2026 Chatsworth Eurocopter AS350 crash
- The NTSB crew investigating the wreckage

Accident
- Date: September 15, 2026
- Summary: Under investigation
- Site: Chatsworth, Los Angeles, California; 34°14′13″N 118°34′55″W﻿ / ﻿34.23708°N 118.58191°W;
- Total fatalities: 3
- Total injuries: 2

Aircraft
- A Eurocopter AS350 similar to the one involved
- Aircraft type: Eurocopter AS350 B2 Écureuil
- Aircraft name: NewsChopper4
- Operator: Angel City Air (on behalf of KNBC)
- Registration: N358TV
- Occupants: 2
- Passengers: 1
- Crew: 1
- Fatalities: 2
- Survivors: 0

Ground casualties
- Ground fatalities: 1
- Ground injuries: 2

= 2026 Chatsworth Eurocopter AS350 crash =

Aviation incident in California, United States

On September 15, 2026, a Eurocopter AS350 Écureuil, owned by KNBC/KVEA of Los Angeles, California, crashed while covering a fatal bus crash in Chatsworth. Two people onboard were killed along with one person on the ground. The cause of the crash is under investigation.

== Background ==
KNBC is the NBC-owned-and-operated television station for Los Angeles County, along with its local Spanish-language sister station, KVEA, operated by NBC-owned Telemundo. The helicopter involved in the crash was operated by Angel City Air.

The helicopter had been covering a bus crash between a 2004 Ford Expedition SUV that had been speeding in the wrong direction, and a Los Angeles Metro bus running on line 166, in which two people were killed and six others were injured. The SUV had plowed into the driver's side of the bus near the midsection at very high speed, far above the speed limit of 40 mph, running a red light in the process. The SUV driver was reported to have been driving under the influence when the crash occurred, and was subsequently arrested and charged with second-degree murder; bail was set at $4 million.

== Crash ==
At around 7 pm PDT, the helicopter reportedly lost contact with KNBC, and the engine lost power. An audio recording from the helicopter indicated that it had low RPM, although there was fuel onboard when it crashed. The helicopter came down at the 9100 block of North Mason Avenue, next to or on the site of a self-storage facility.

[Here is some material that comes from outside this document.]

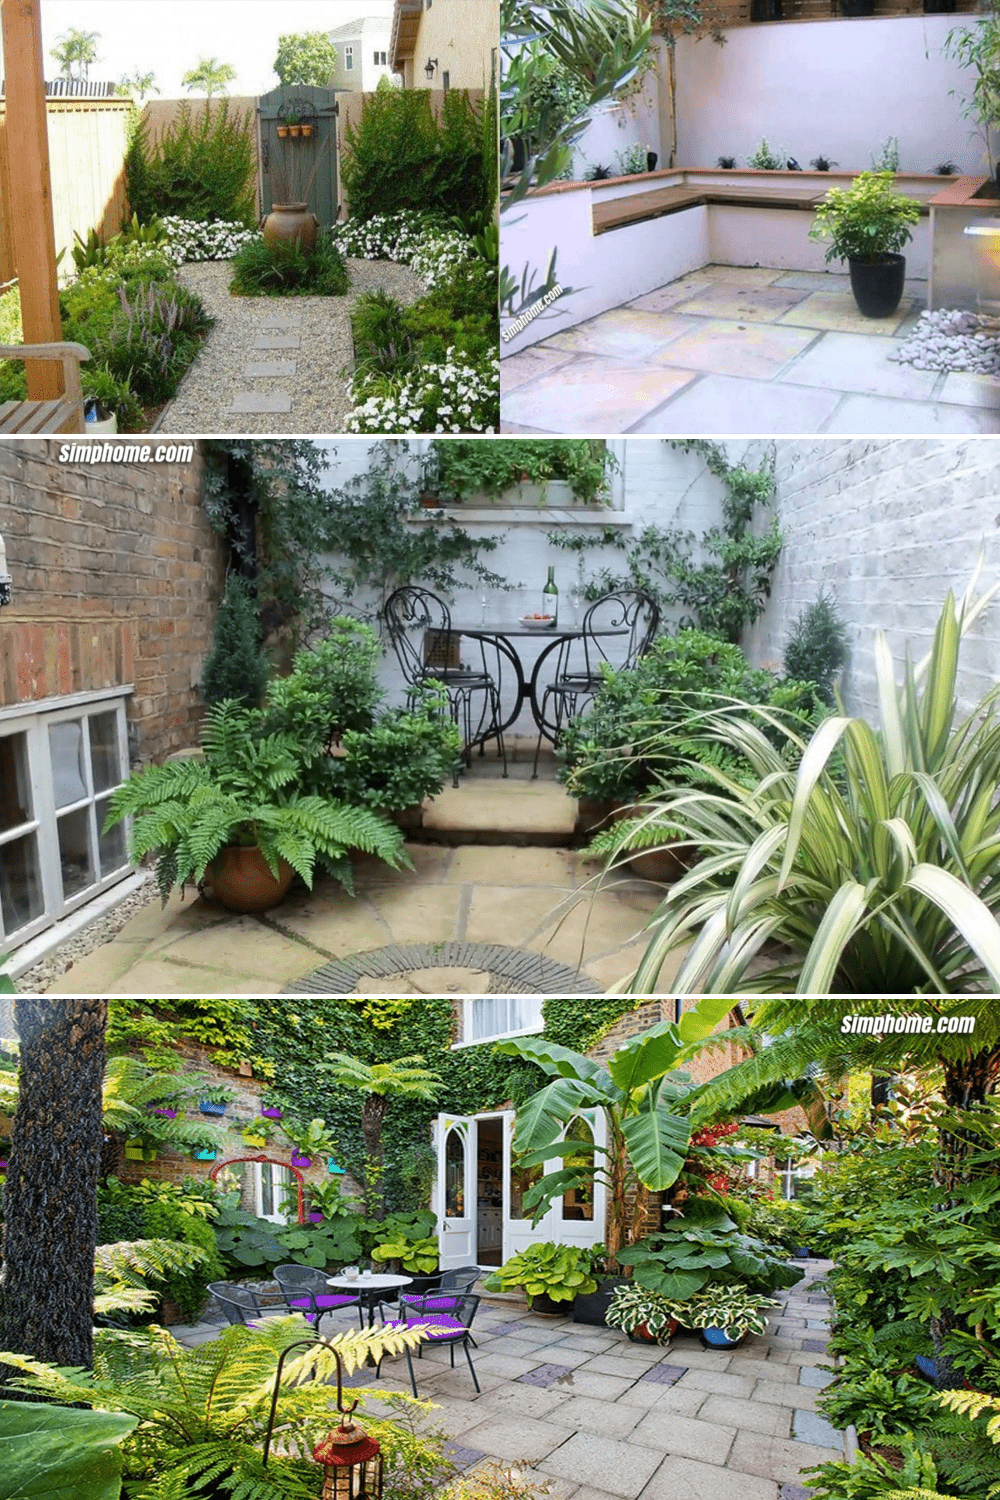 Simphome.com Small courtyard garden ideas

An investigation into the crash was initiated by the National Transportation Safety Board (NTSB).

== Victims ==
KNBC journalist Eliana Moreno, who covered news from NewsChopper4, was a victim of the crash, alongside pilot George Marciniw. Moreno had been in the air with Angel City Air since 2010 and was engaged to be married. Prior to the crash, Marciniw had been planning to retire. A 29-year-old tourist from Cuilapa, Guatemala, who had arrived in Los Angeles earlier that day, was killed on the ground.

== Aftermath ==
Los Angeles Mayor Karen Bass and Governor of California Gavin Newsom offered condolences to the families of the victims of both the bus and helicopter crashes.